> [Exercise details]
Beginning with the line that has "Платье для девочки подростка 140 см" and ending with the line that has "Die Siedlung liegt", retype the entries below exactly, except for the pictures.

> [Dataset excerpts]
******

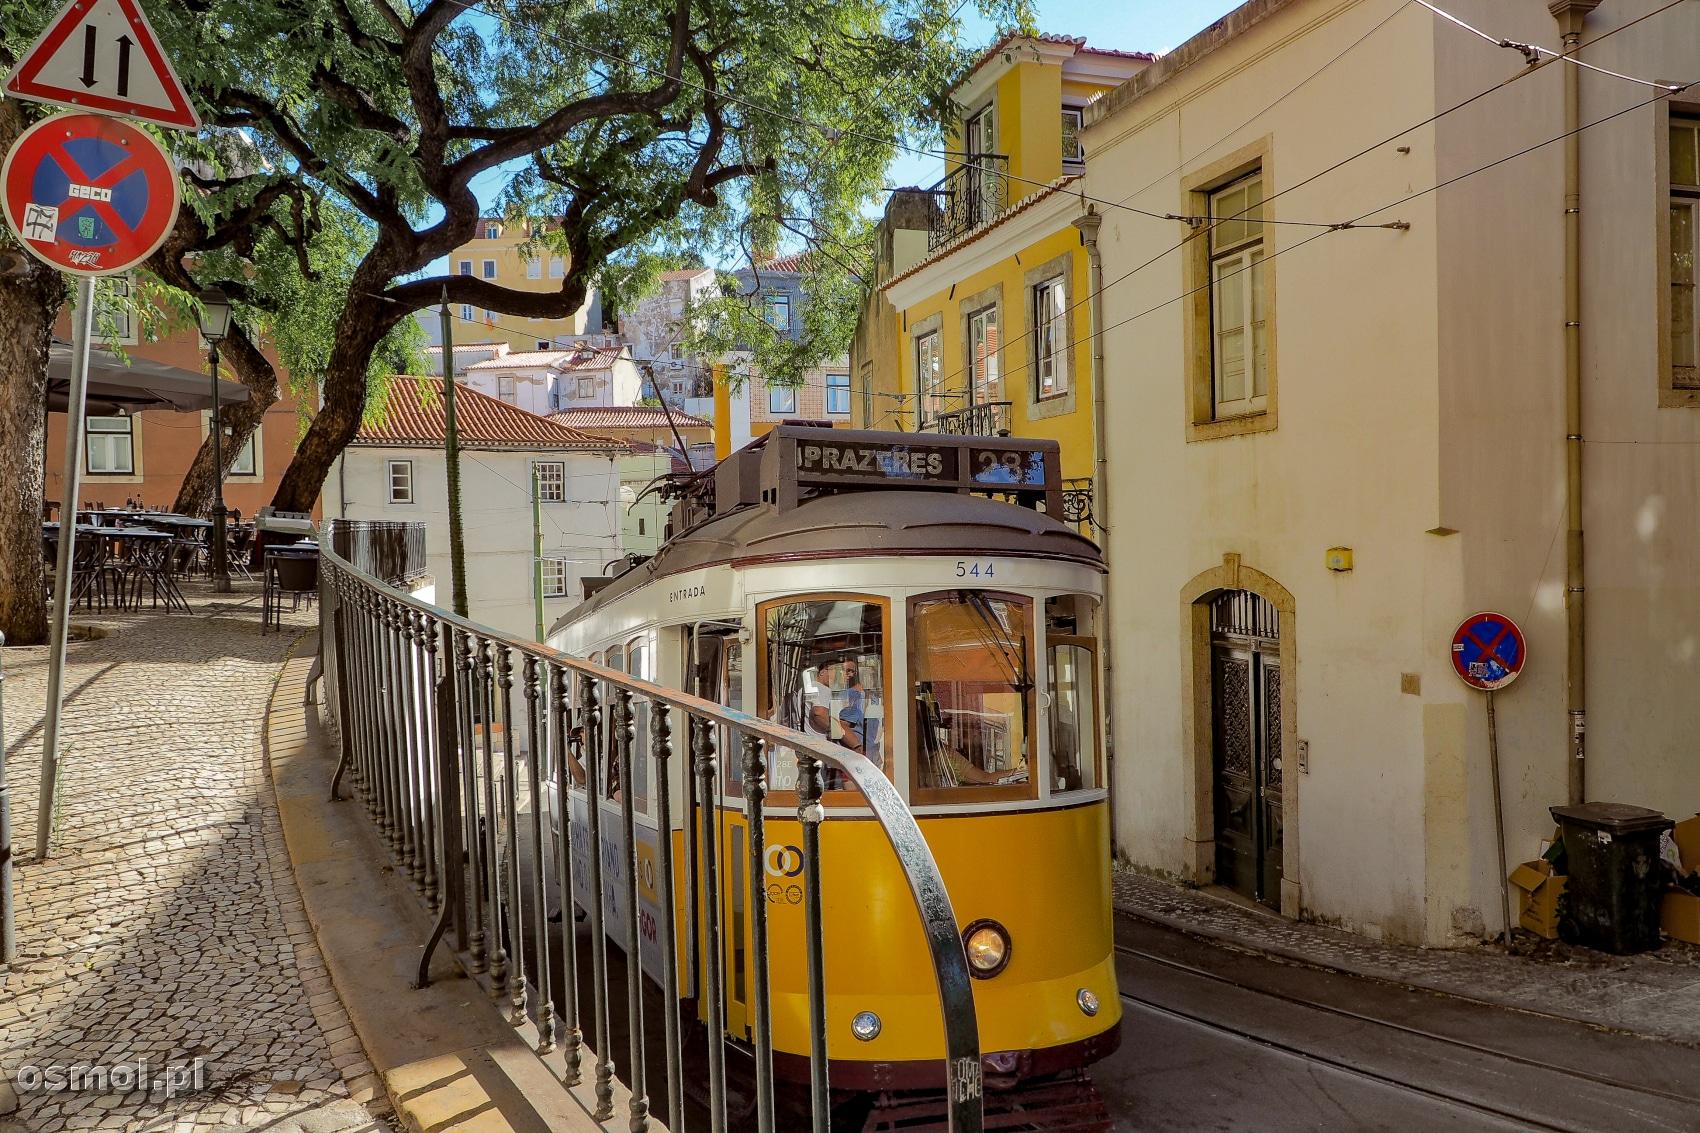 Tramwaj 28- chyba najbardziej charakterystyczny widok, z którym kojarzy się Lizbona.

******

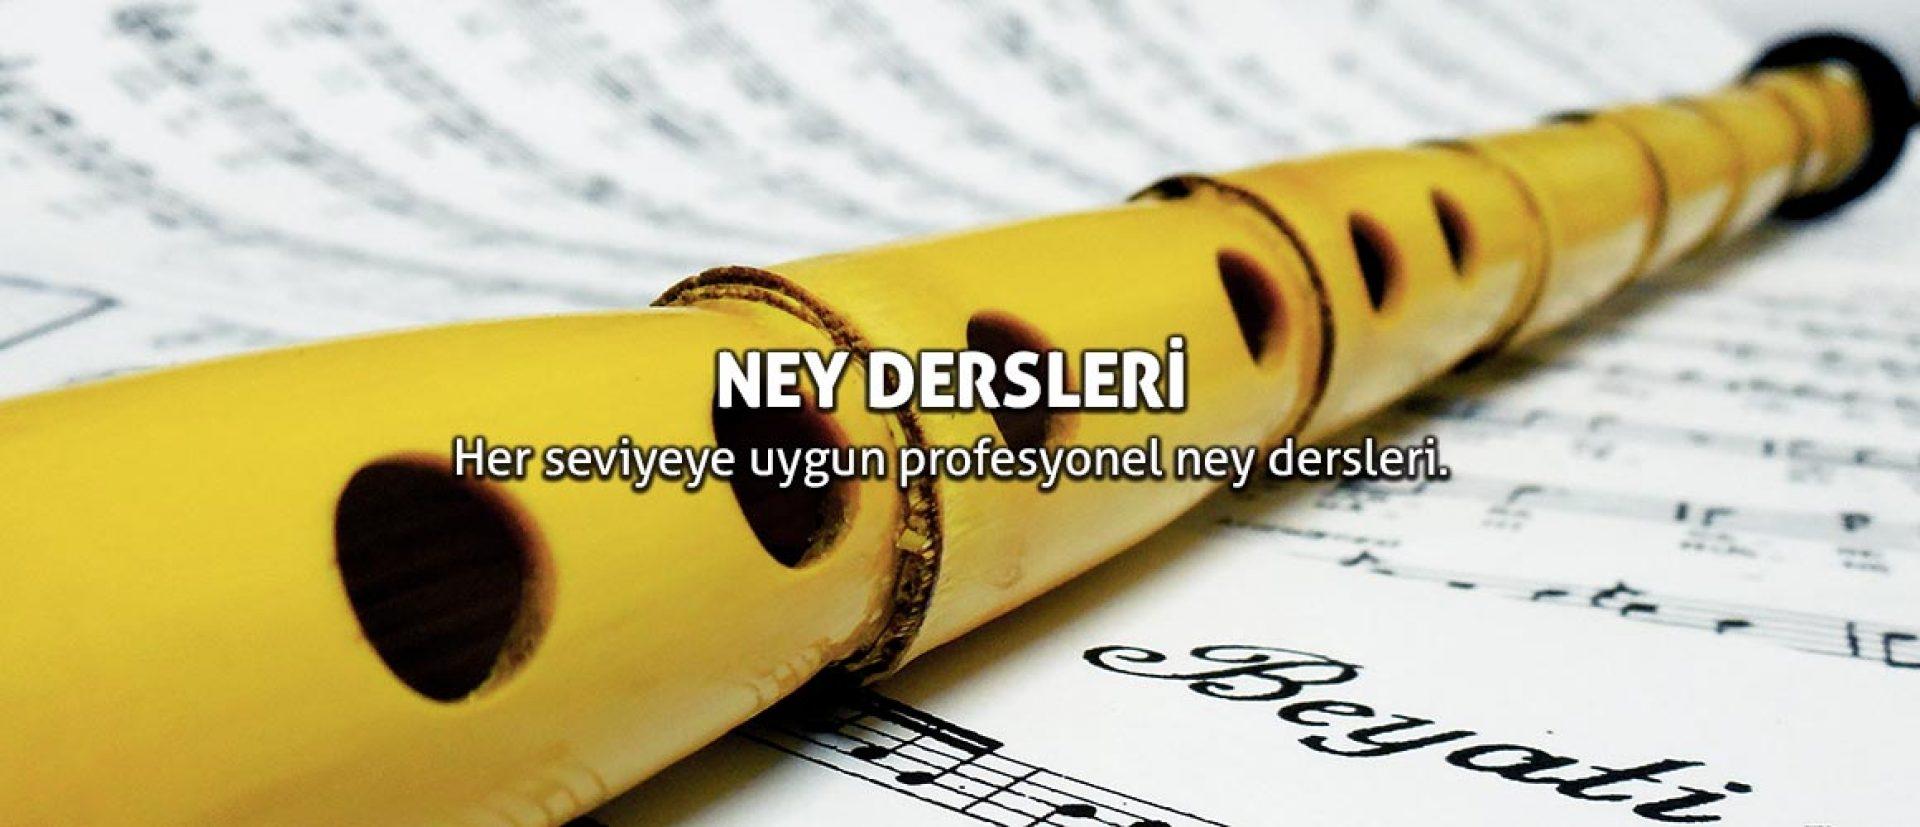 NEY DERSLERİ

******

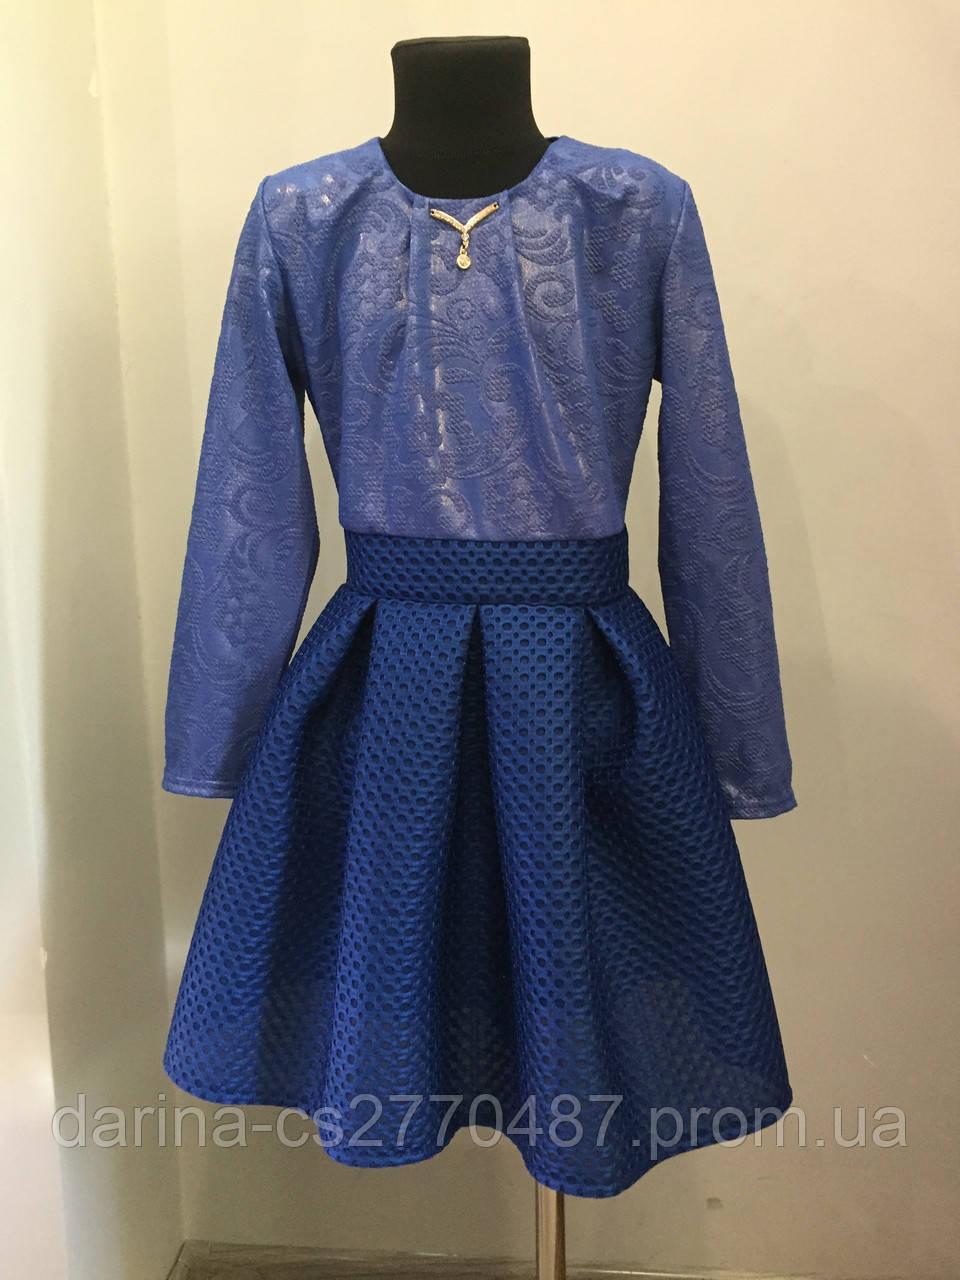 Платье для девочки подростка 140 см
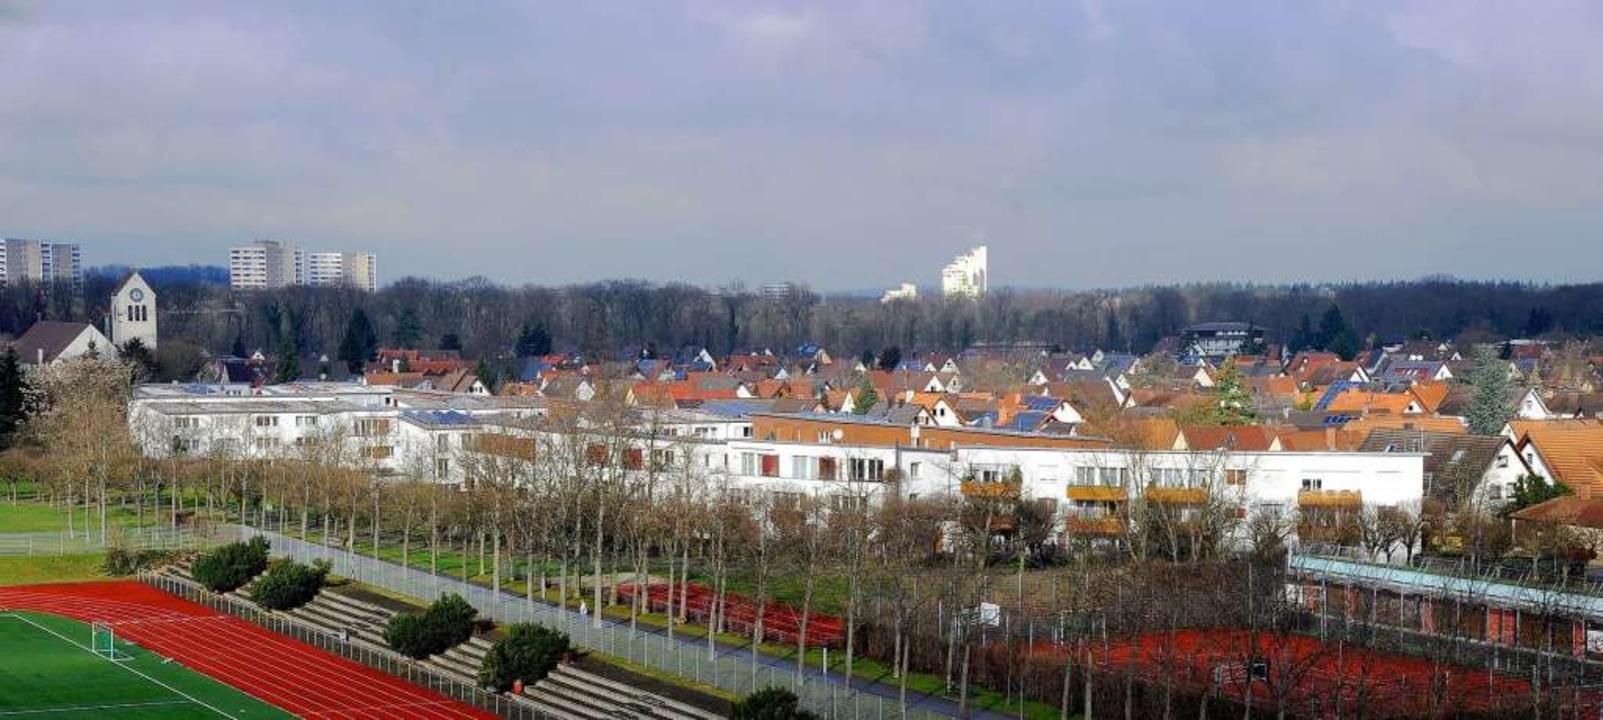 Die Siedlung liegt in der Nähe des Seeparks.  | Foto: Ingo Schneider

******

> [Answer box]
 Платье для девочки подростка 140 см
 Die Siedlung liegt in der Nähe des Seeparks.  | Foto: Ingo Schneider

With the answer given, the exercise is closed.